The efficiency of deep learning algorithms for detecting anatomical
reference points on radiological images of the head profile
- URL: http://arxiv.org/abs/2005.12110v2
- Date: Thu, 18 Jun 2020 09:12:49 GMT
- Title: The efficiency of deep learning algorithms for detecting anatomical
reference points on radiological images of the head profile
- Authors: Konstantin Dobratulin, Andrey Gaidel, Irina Aupova, Anna Ivleva,
Aleksandr Kapishnikov, Pavel Zelter
- Abstract summary: A U-Net neural network allows performing the detection of anatomical reference points more accurately than a fully convolutional neural network.
The results of the detection of anatomical reference points by the U-Net neural network are closer to the average results of the detection of reference points by a group of orthodontists.

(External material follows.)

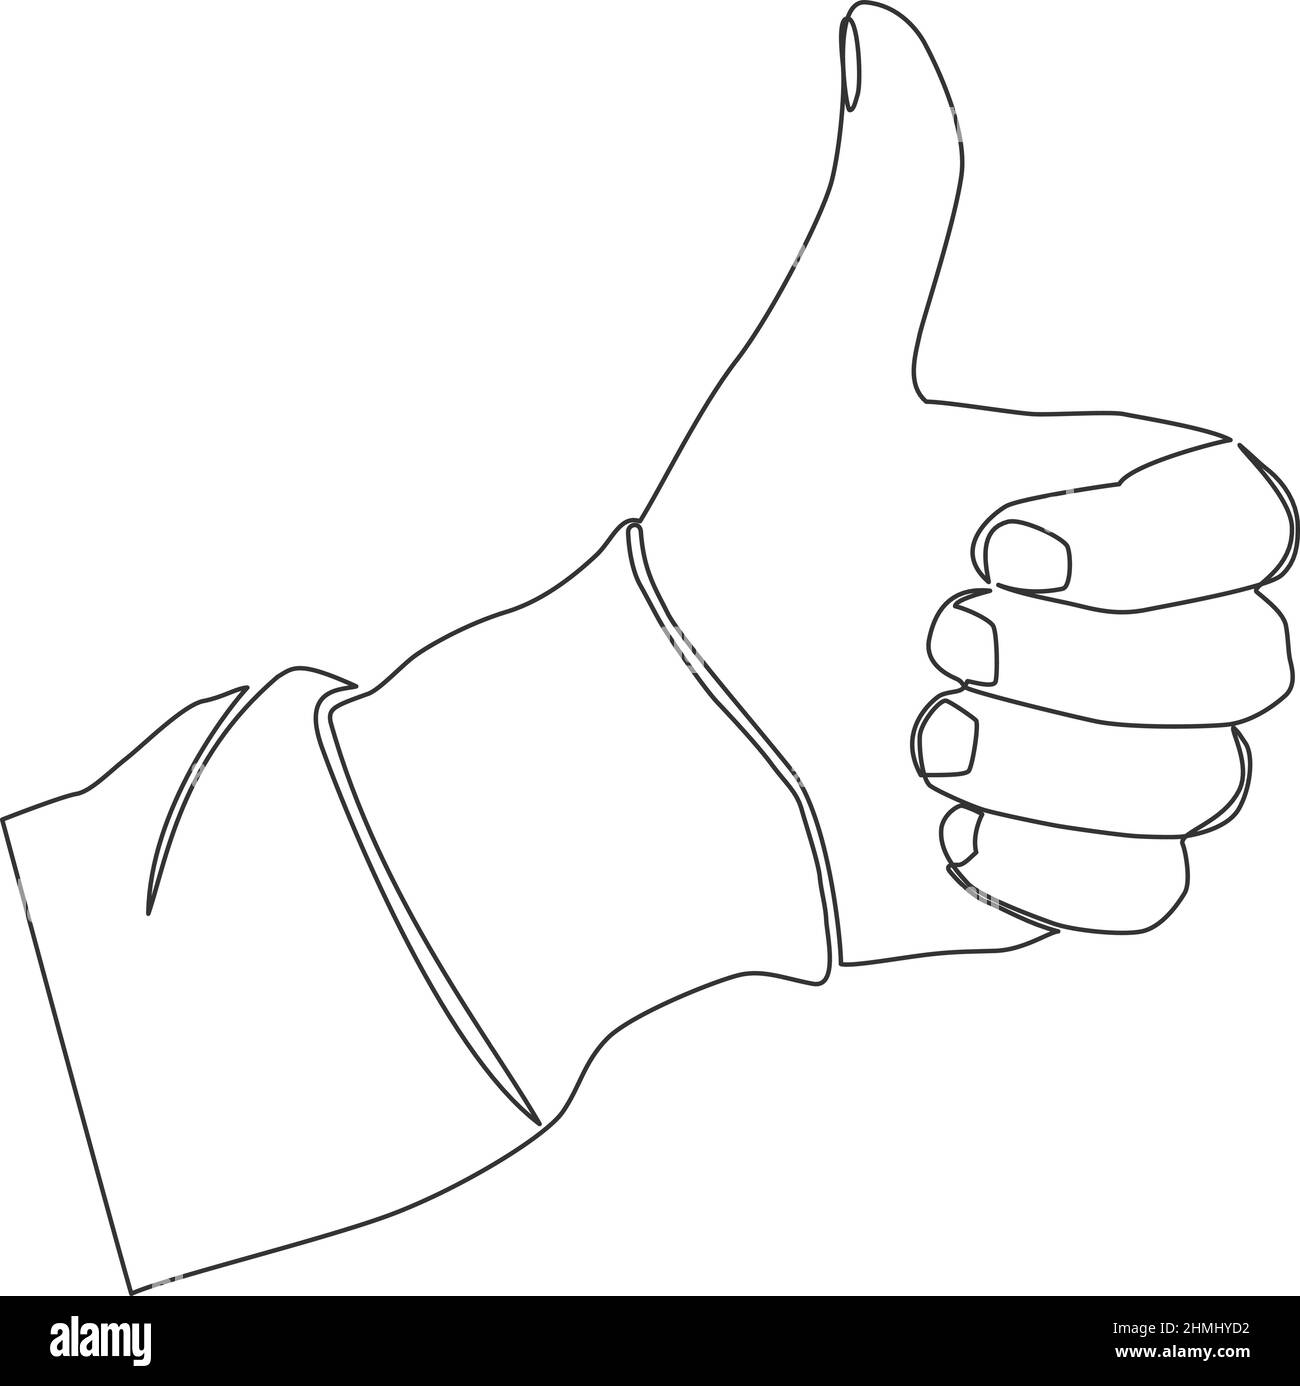 singe line drawing of hand doing thumbs up gesture, continuous line vector illustration Stock Vector

- Score: 55.41644538483948
- License: http://arxiv.org/licenses/nonexclusive-distrib/1.0/
- Abstract: In this article we investigate the efficiency of deep learning algorithms in
solving the task of detecting anatomical reference points on radiological
images of the head in lateral projection using a fully convolutional neural
network and a fully convolutional neural network with an extended architecture
for biomedical image segmentation - U-Net. A comparison is made for the results
of detection anatomical reference points for each of the selected neural
network architectures and their comparison with the results obtained when
orthodontists detected anatomical reference points. Based on the obtained
results, it was concluded that a U-Net neural network allows performing the
detection of anatomical reference points more accurately than a fully
convolutional neural network. The results of the detection of anatomical
reference points by the U-Net neural network are closer to the average results
of the detection of reference points by a group of orthodontists.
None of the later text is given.